*** Block opens ***

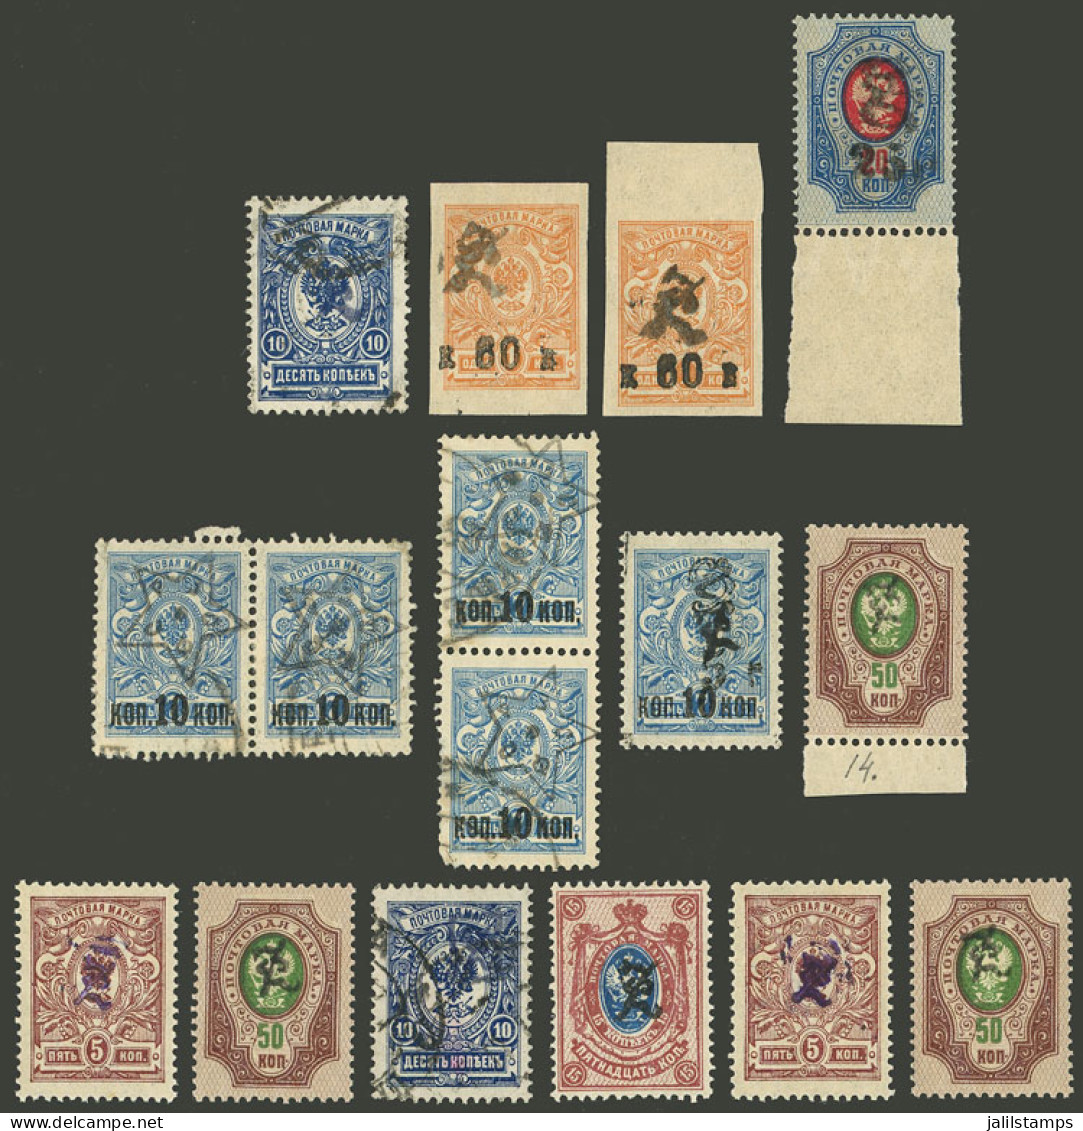 ARMENIA: Interesting Group Of Old Stamps, Used Or Mint (many MNH), Excellent Quality! - Armenia
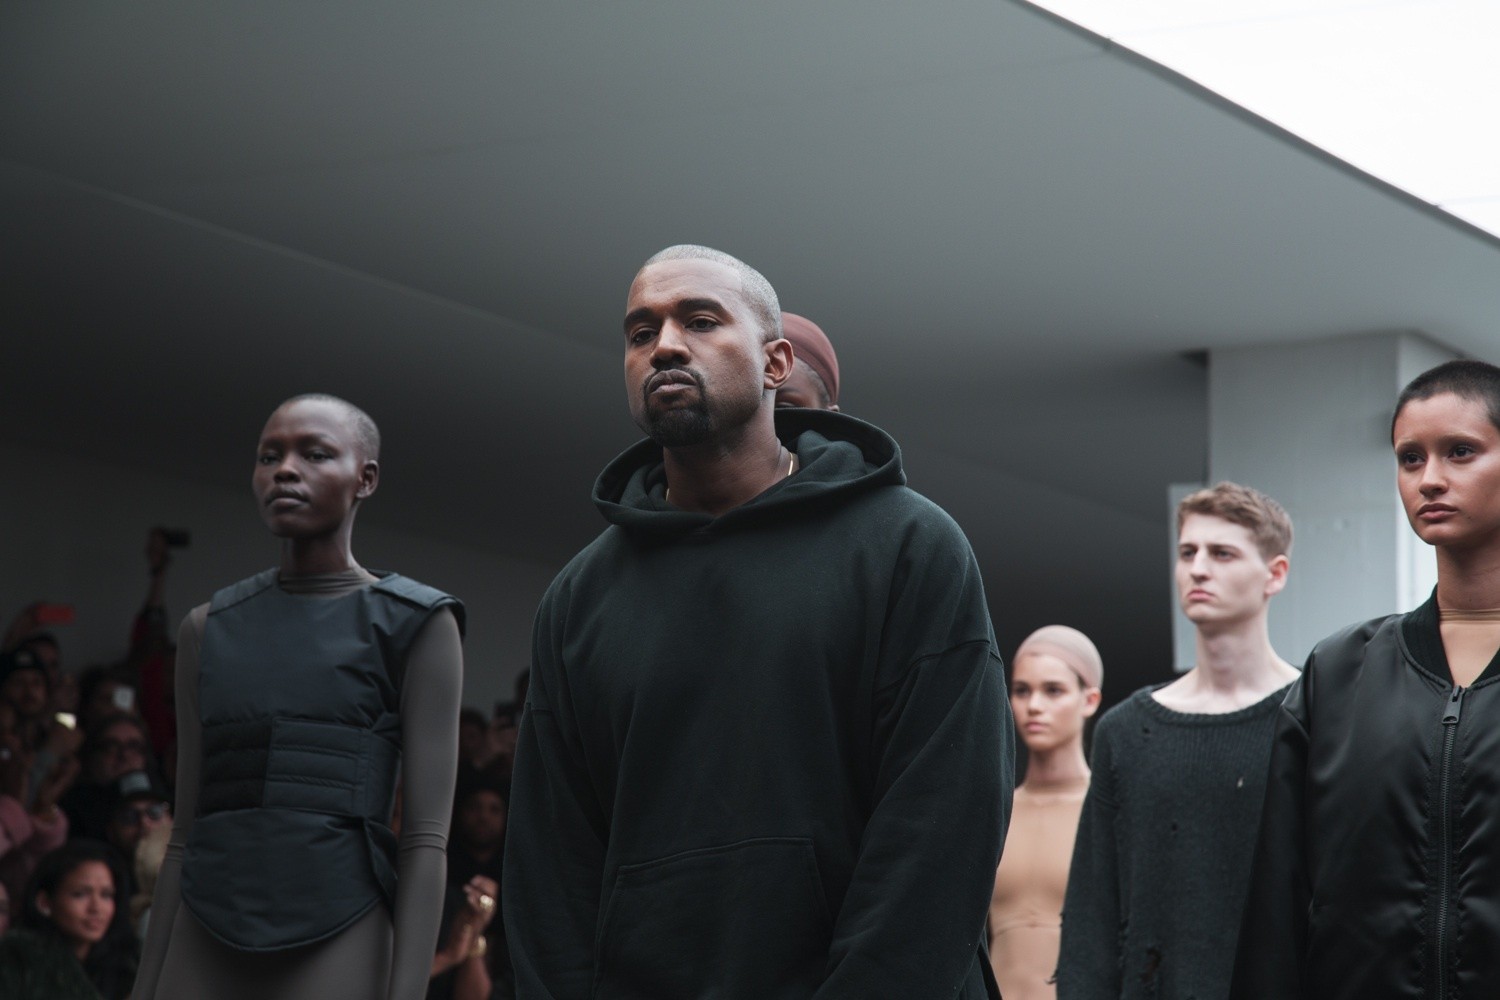 Kanye West Cries After Louis Vuitton Fashion Show
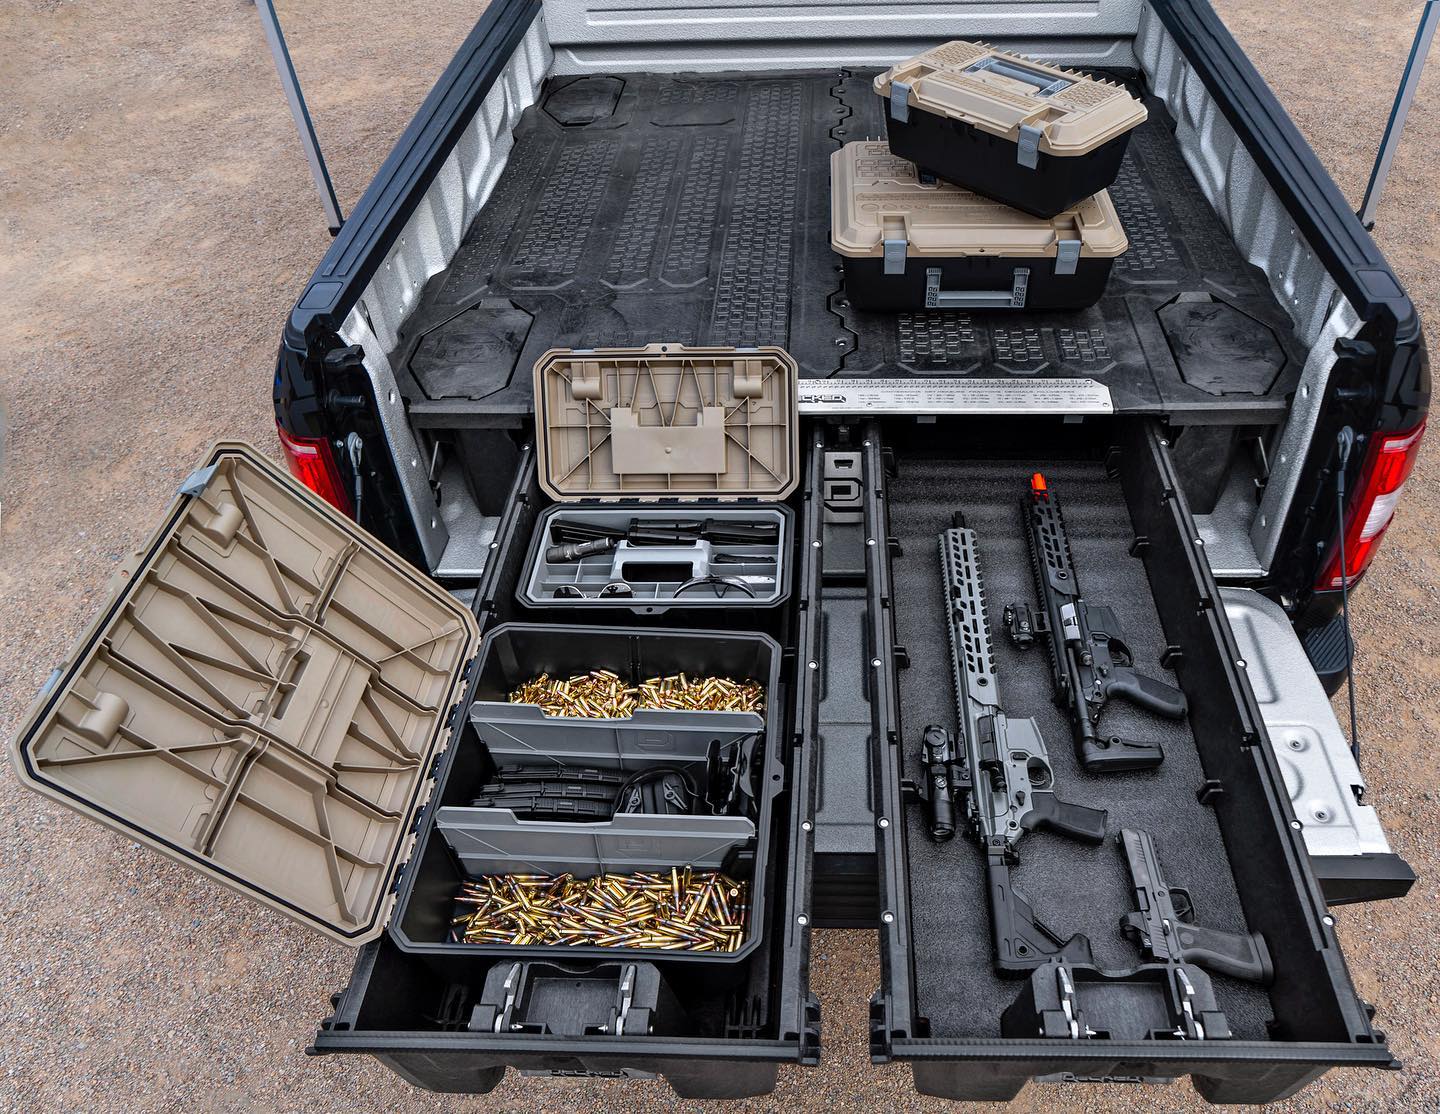 Legally Secure and Store Your Firearms for Transport in Your Pickup Truck
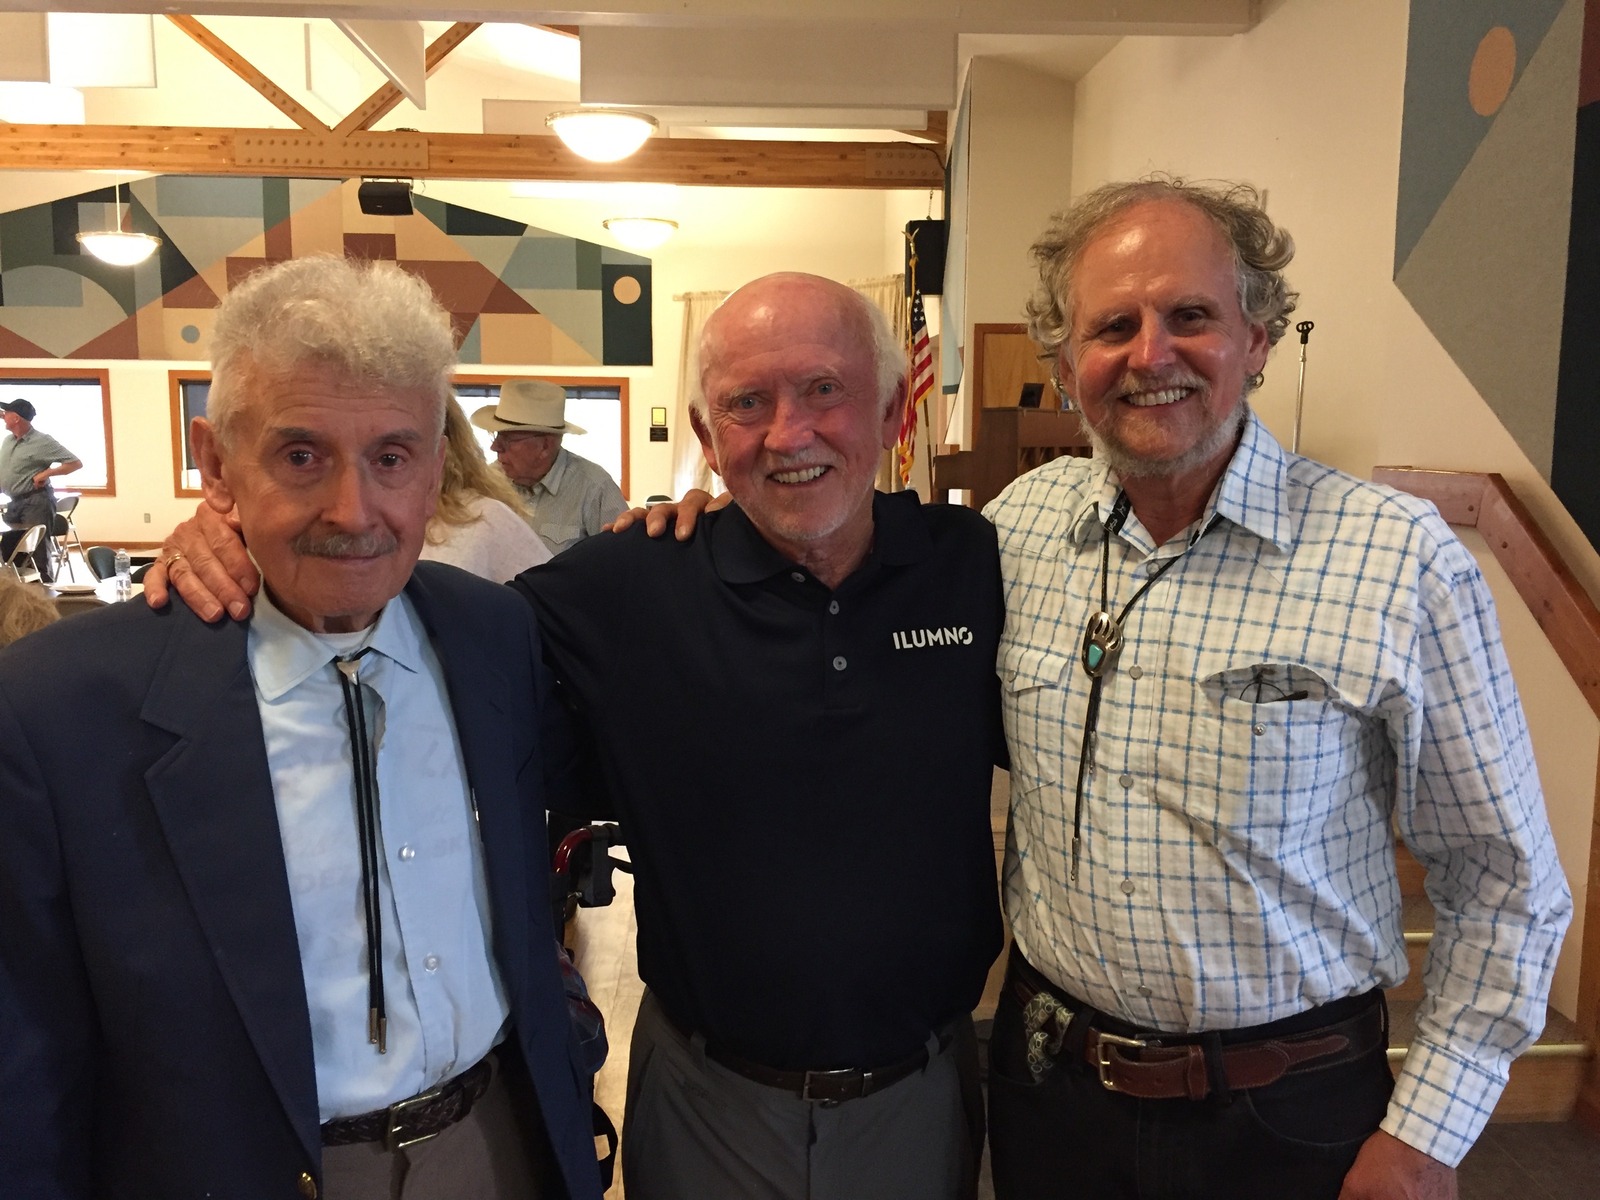 A large crowd turned out to help Gutkoski celebrate his 90th birthday, including his pal, Keith McCafferty, at right. Photo by Todd Wilkinson

*** Block closes ***

_Exercise directions_
Could you retype each line of the material above exactly, skipping the pictures?

_Result of the exercise_
 ARMENIA: Interesting Group Of Old Stamps, Used Or Mint (many MNH), Excellent Quality! - Armenia
 Kanye West Cries After Louis Vuitton Fashion Show
 Legally Secure and Store Your Firearms for Transport in Your Pickup Truck
 A large crowd turned out to help Gutkoski celebrate his 90th birthday, including his pal, Keith McCafferty, at right. Photo by Todd Wilkinson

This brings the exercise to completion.